_Exercise instructions_
Retype the data below verbatim; pictures do not belong in the copy.
======== Recorded information ========
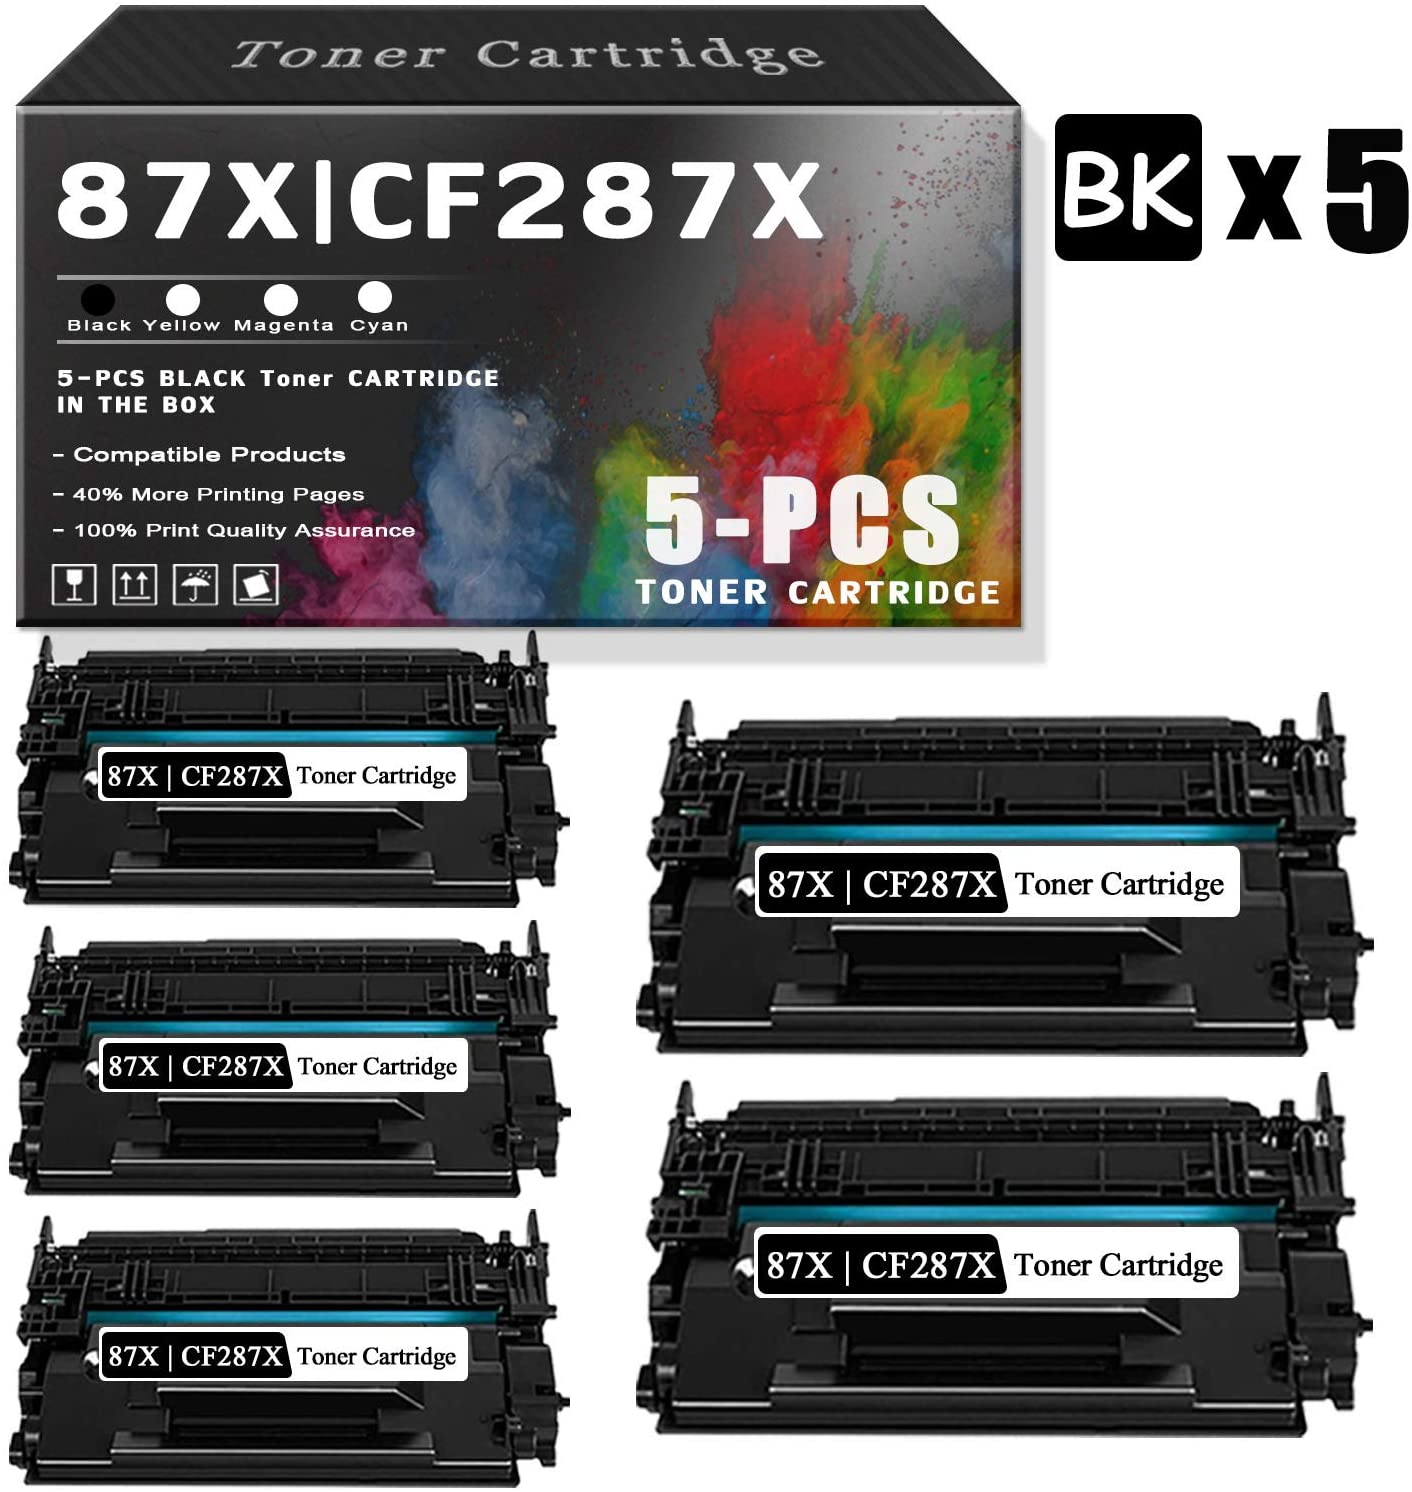 5-Pack 87X   CF287X Black TonerCartridgeCompatible for HP InkCartridgeReplacementforHP Laserjet Managed M506xm M506dnm Enterprise M506n M506dn MFP M527dn M527f Flow MFP M527z M527cPrinters.
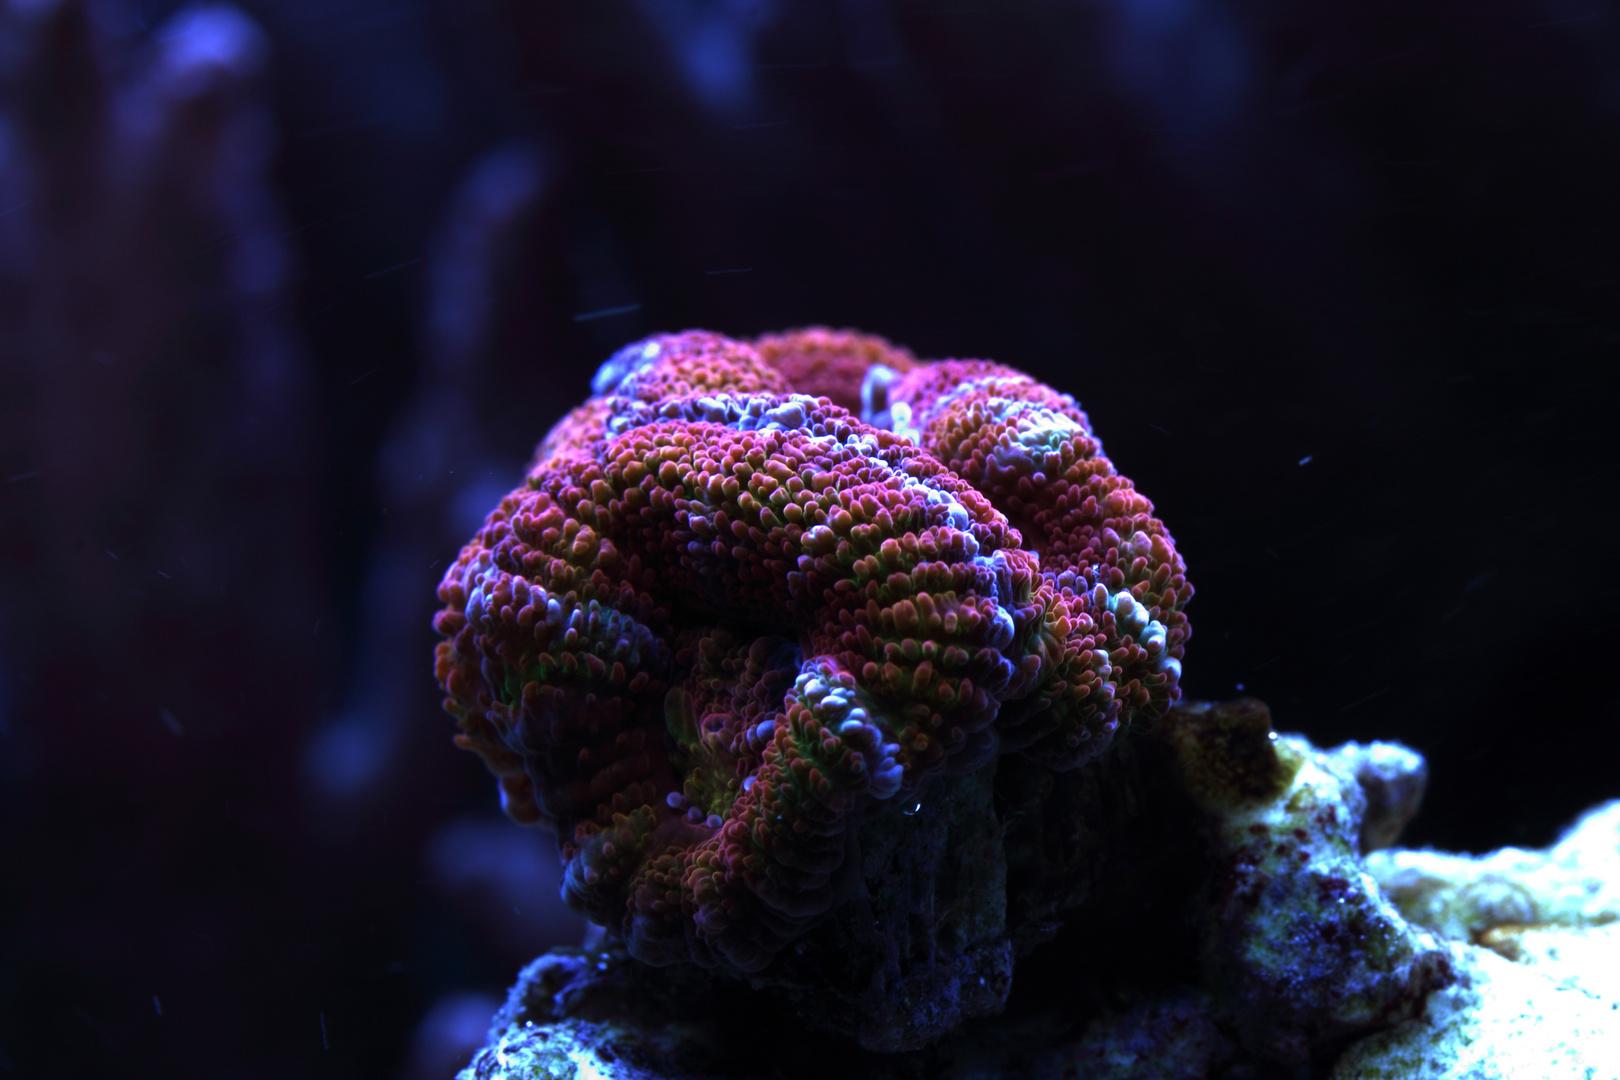 Acanthastrea lordhowensis
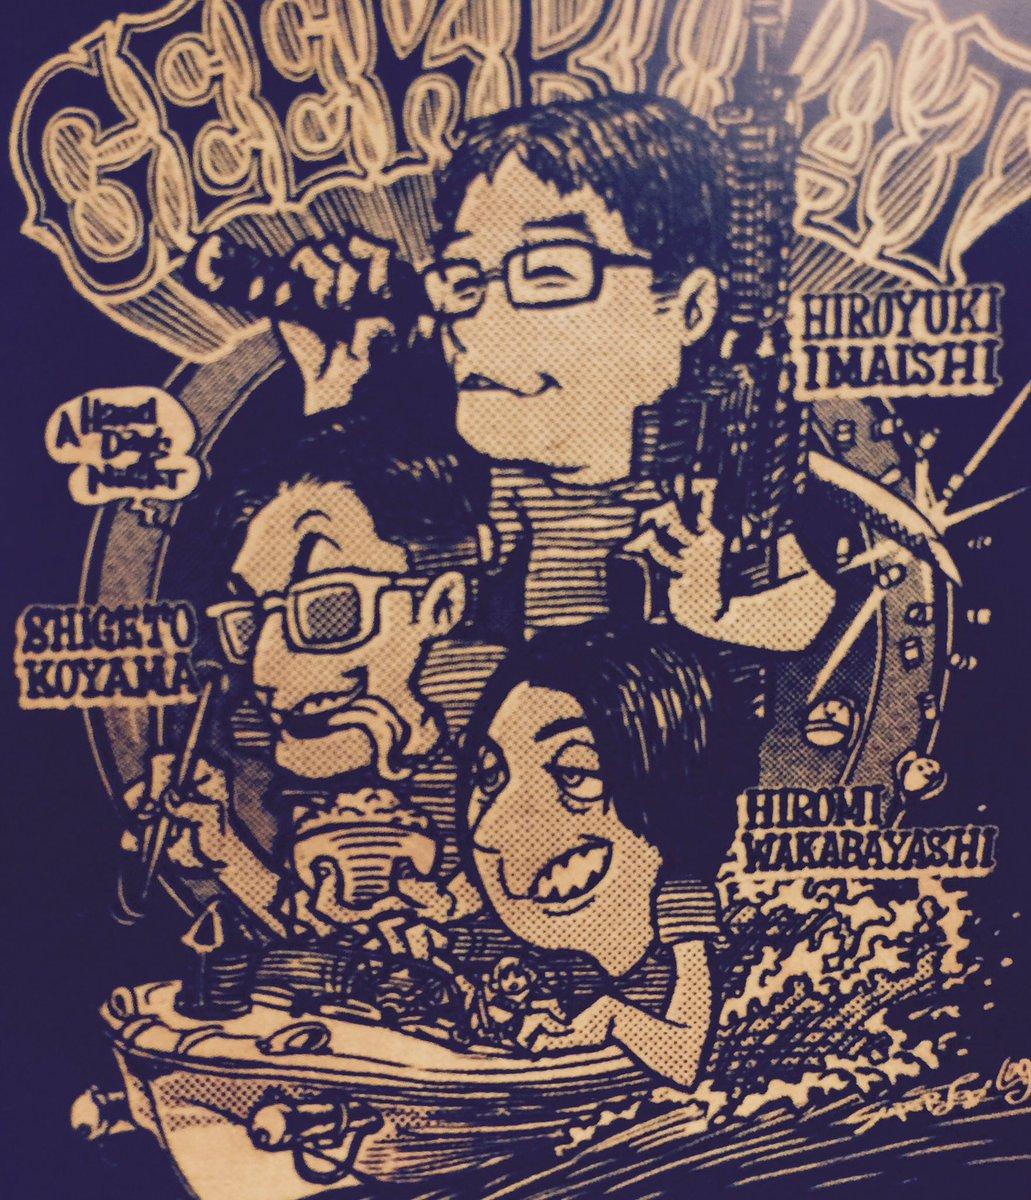 Drawing of three men (labeled Hiroyuki Imaishi, Shigeto Koyama, and Hiromi Wakabayashi) in a small boat. Imaishi is holding a katana and a gun. Koyama is holding a pen.
========
_Your solution_
 5-Pack 87X   CF287X Black TonerCartridgeCompatible for HP InkCartridgeReplacementforHP Laserjet Managed M506xm M506dnm Enterprise M506n M506dn MFP M527dn M527f Flow MFP M527z M527cPrinters.
 Acanthastrea lordhowensis
 Drawing of three men (labeled Hiroyuki Imaishi, Shigeto Koyama, and Hiromi Wakabayashi) in a small boat. Imaishi is holding a katana and a gun. Koyama is holding a pen.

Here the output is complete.